To commemorate the great melt we have a resurrection of the frosty beard, where for maximum one week we welcome the frosty beard of the Dastardly Winter back to taunt us into welcoming the Wet and Murky Spring. The great melt is an omen of the future of the sunrays. If the Dastardly Winter’s frosty beard lasts for longer than a week then there will be no sunrays ever again. The frosty beard will consume our lives, creeping into our souls and putting out the little sunrays inside of ourselves that we cherish so dearly. The great melt is necessary for our survival.
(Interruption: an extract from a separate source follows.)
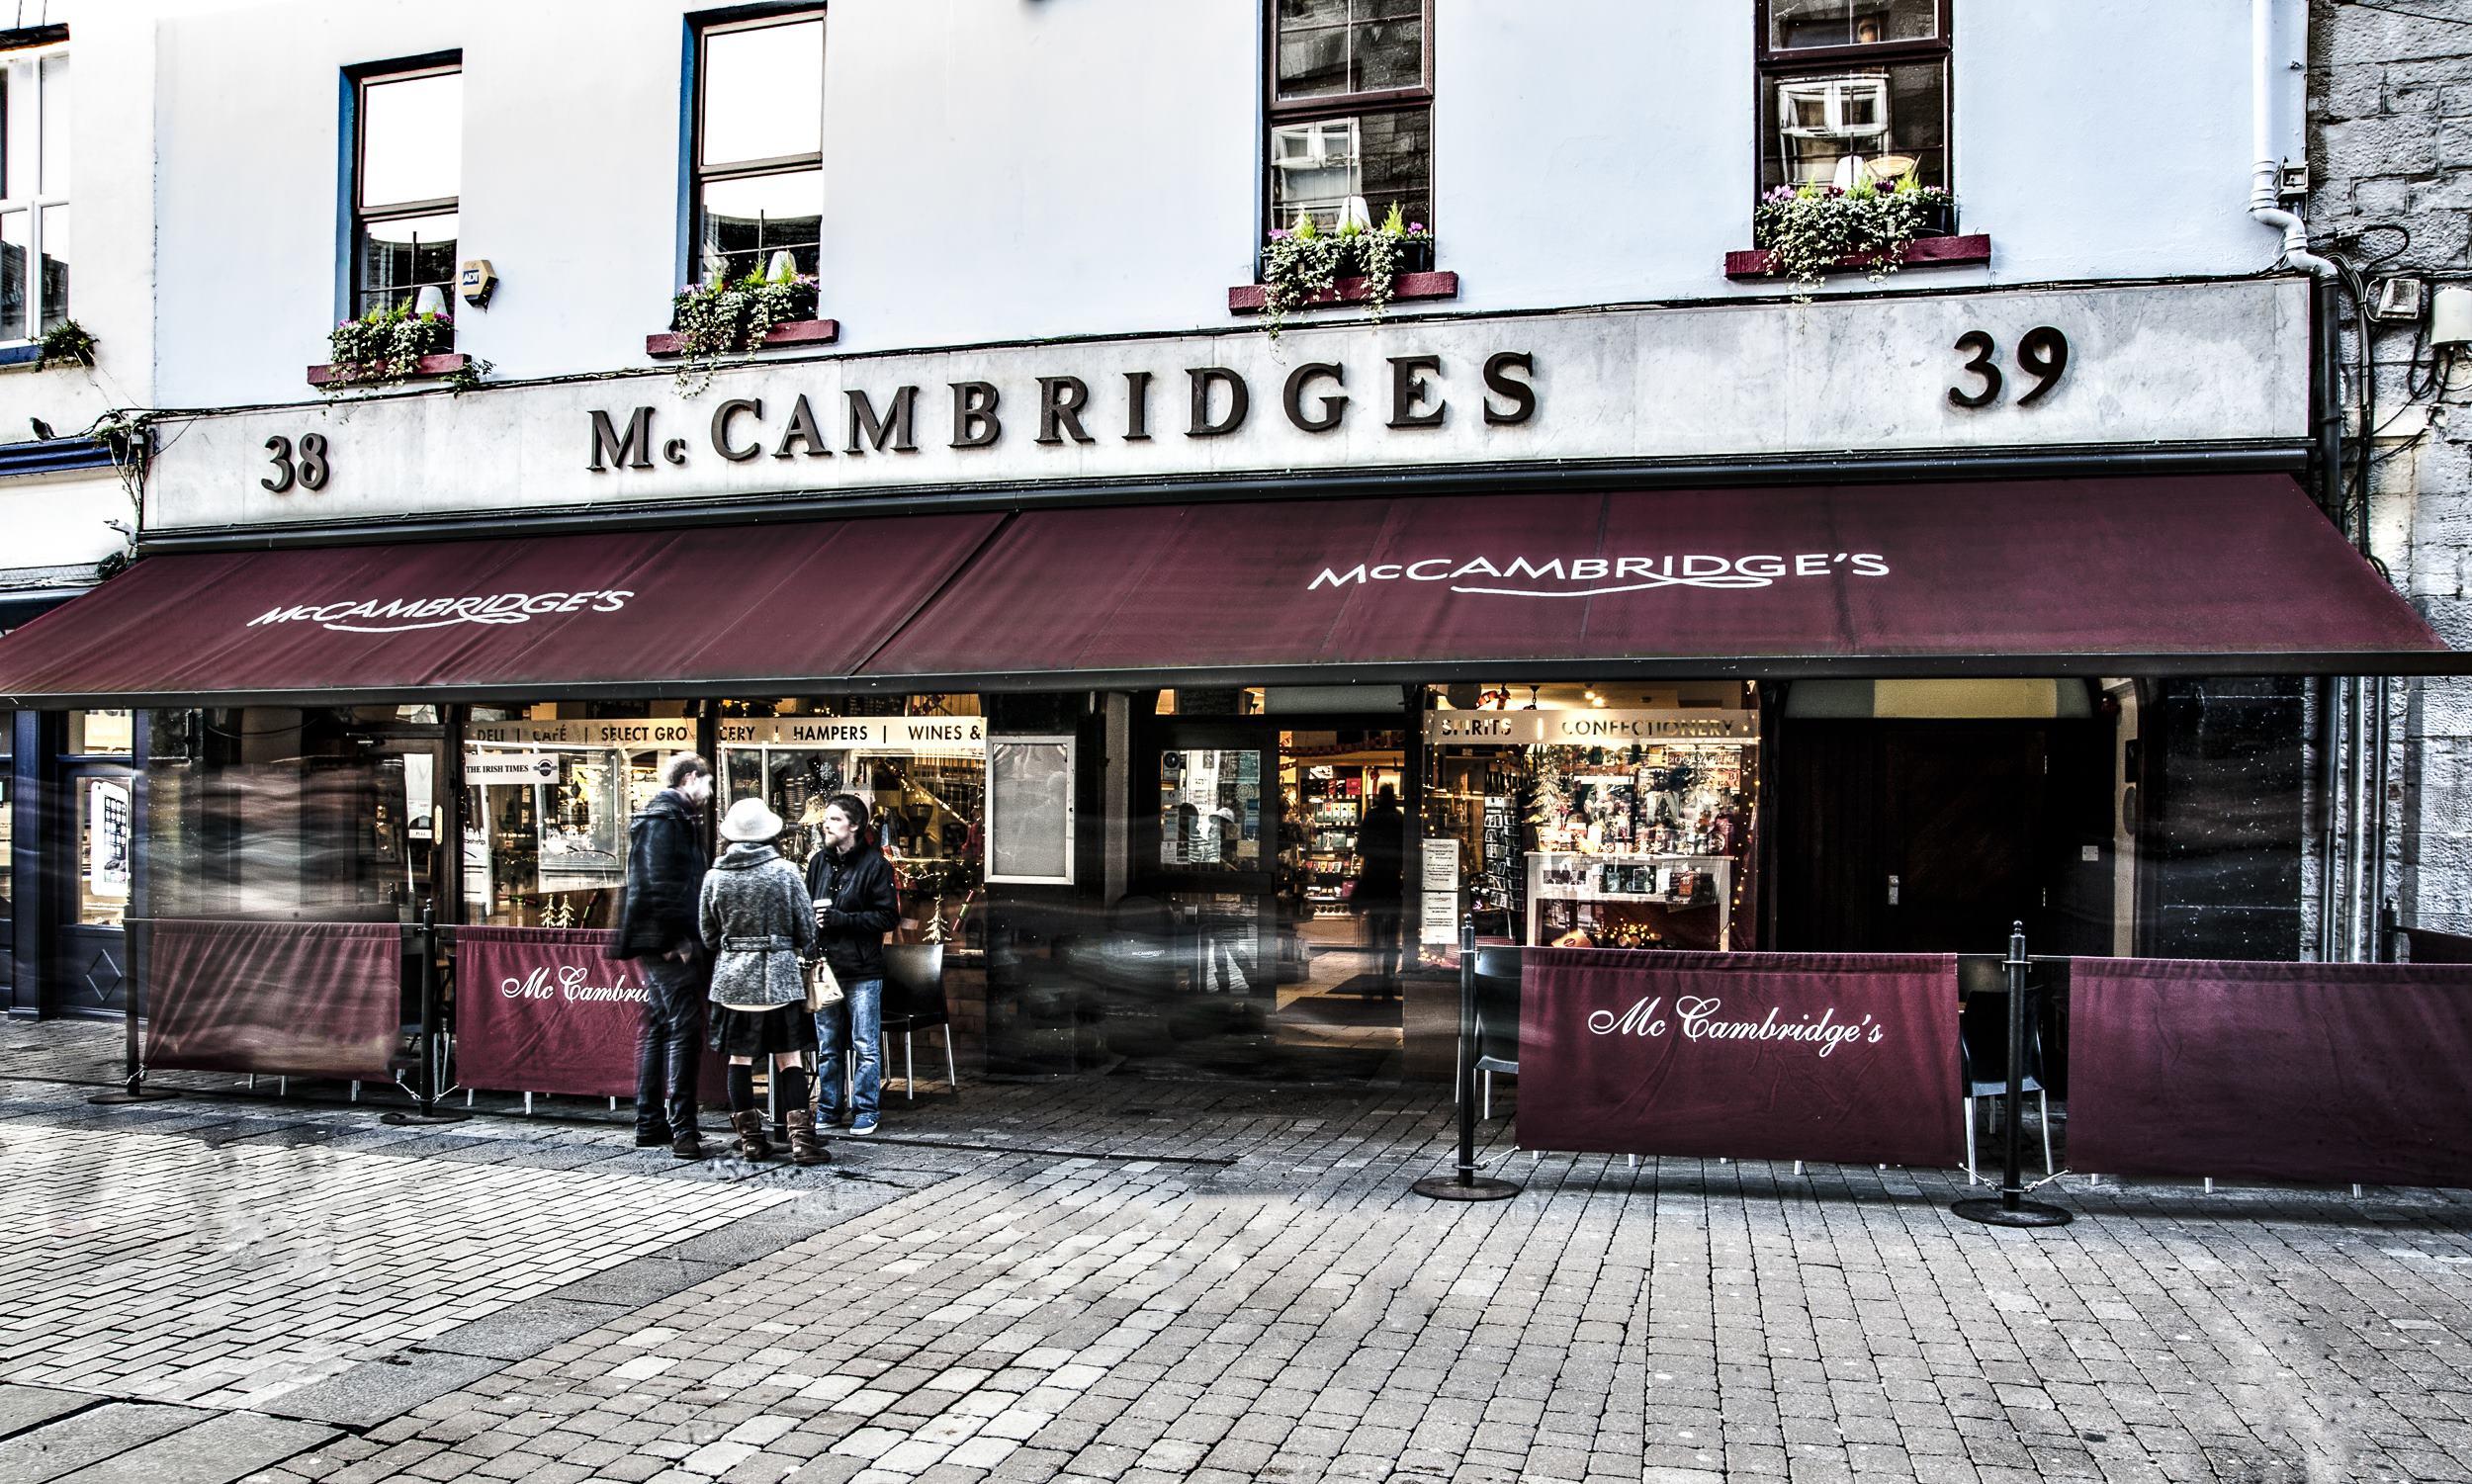 McCambridge's of Galway photo.jpg
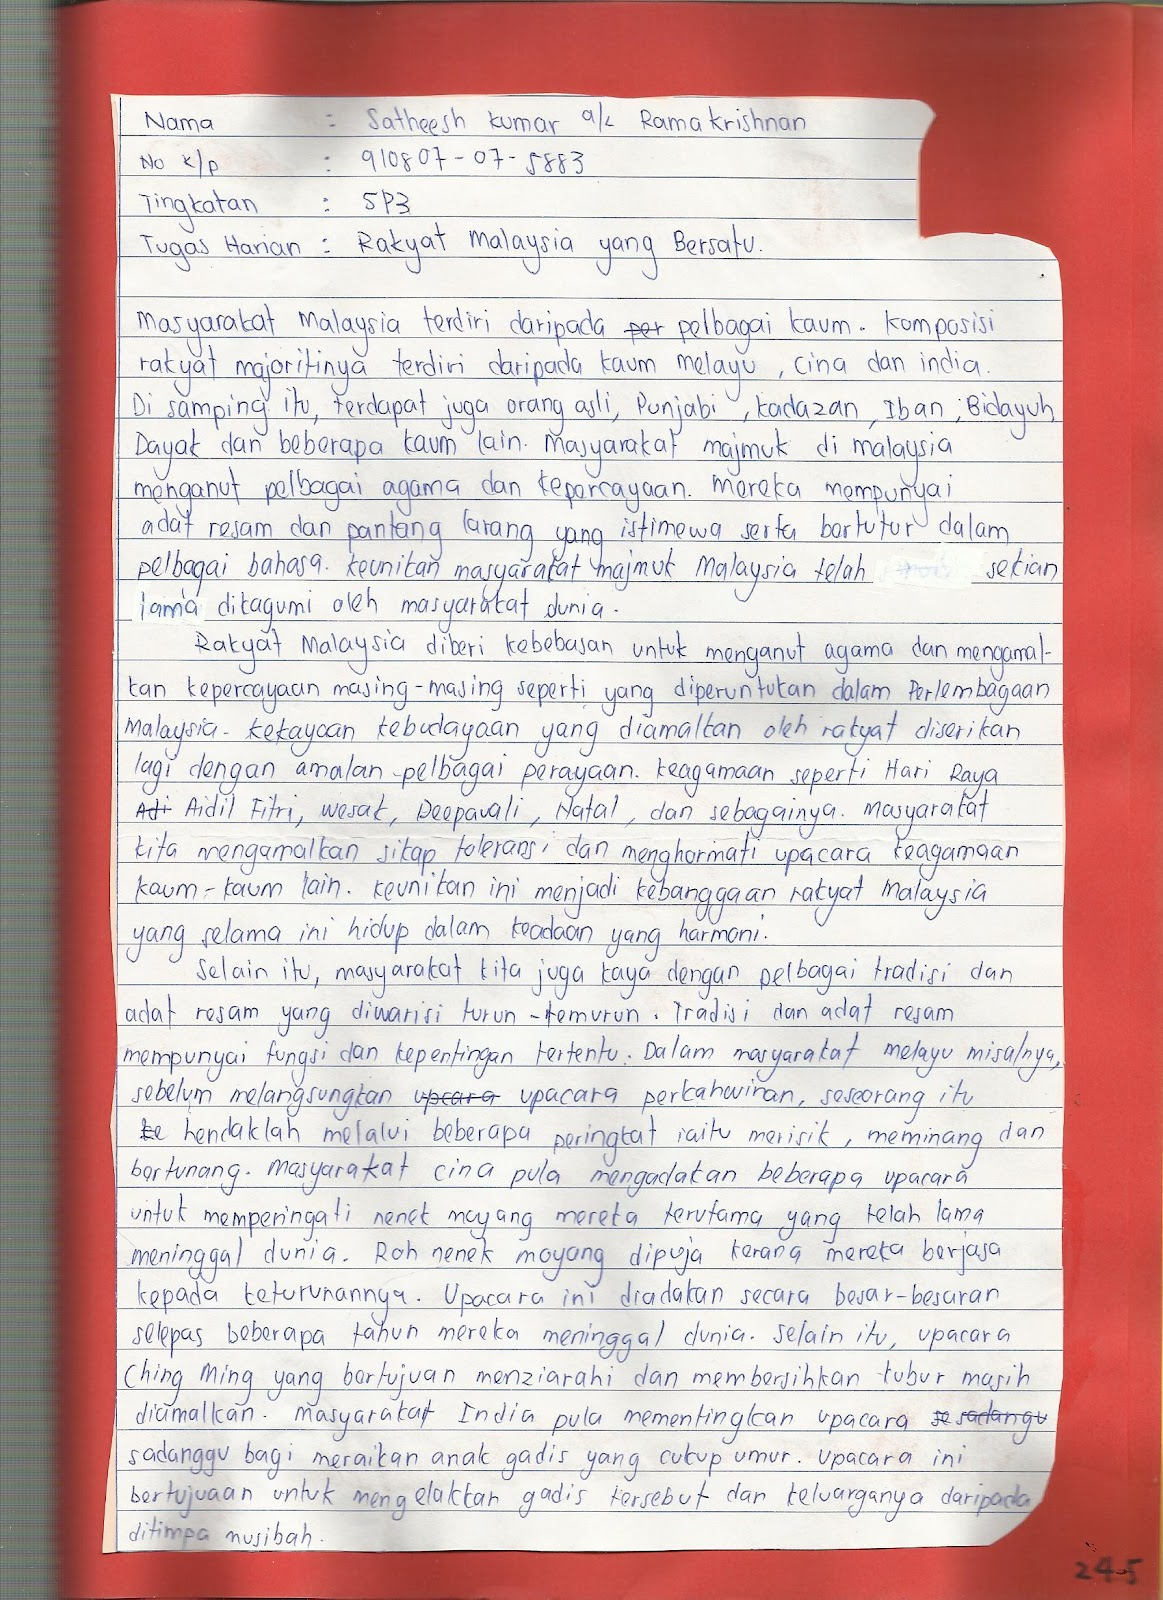 moral essay moral essay folio moral folio essay tingkatan moral  moral folio essay tingkatan moral folio essay tingkatan 4 moral dilemma essay

To ensure that the great melt comes along we must hold the annual Ridiculing of the Rabbit Man. The Rabbit Man comes around every year to lay and hide away its eggs. If left alone, these eggs would keep growing and blot out the sun. The Dastardly Winter’s hold on the Earth would last eternity and the sunrays would be lost to time immemorial. We must find the eggs every year and gorge ourselves on them in splendour. We know that the tummy aches are worth it for the sunrays, as we laugh in the face of the Rabbit Man, cramming our pieholes full of its eggs.

Once we have made sure that the sunrays of the Lovely Blessèd Summer will be on their way in the coming weeks, it is time to commemorate the existence of That Truly Delightful Young Man, Jesus. It was on this weekend 1976 years ago that Jesus, the Lovely Young Man of Old, bade us farewell from this mortal coil. He then came back to the mortal coil three days later to tell us that “No matter what, you call last Friday ‘Good Friday,’ even though it was actually Bad for me.” To this day, on the Good—but Actually Bad—Friday, we ponder in quiet reverence why He, The Man From Upstairs But Also Downstairs, told us to call it Good. In 1976 years there has been no satisfying answer, and so we continue to ponder, waiting for the big eureka moment.

So take a moment this weekend to reflect on its traditions, and for god’s sake please make sure that you do what you can to ensure that the perfect sunrays and the thousand-mile beaches in both directions of the Lovely Blessèd Summer shall come to pass.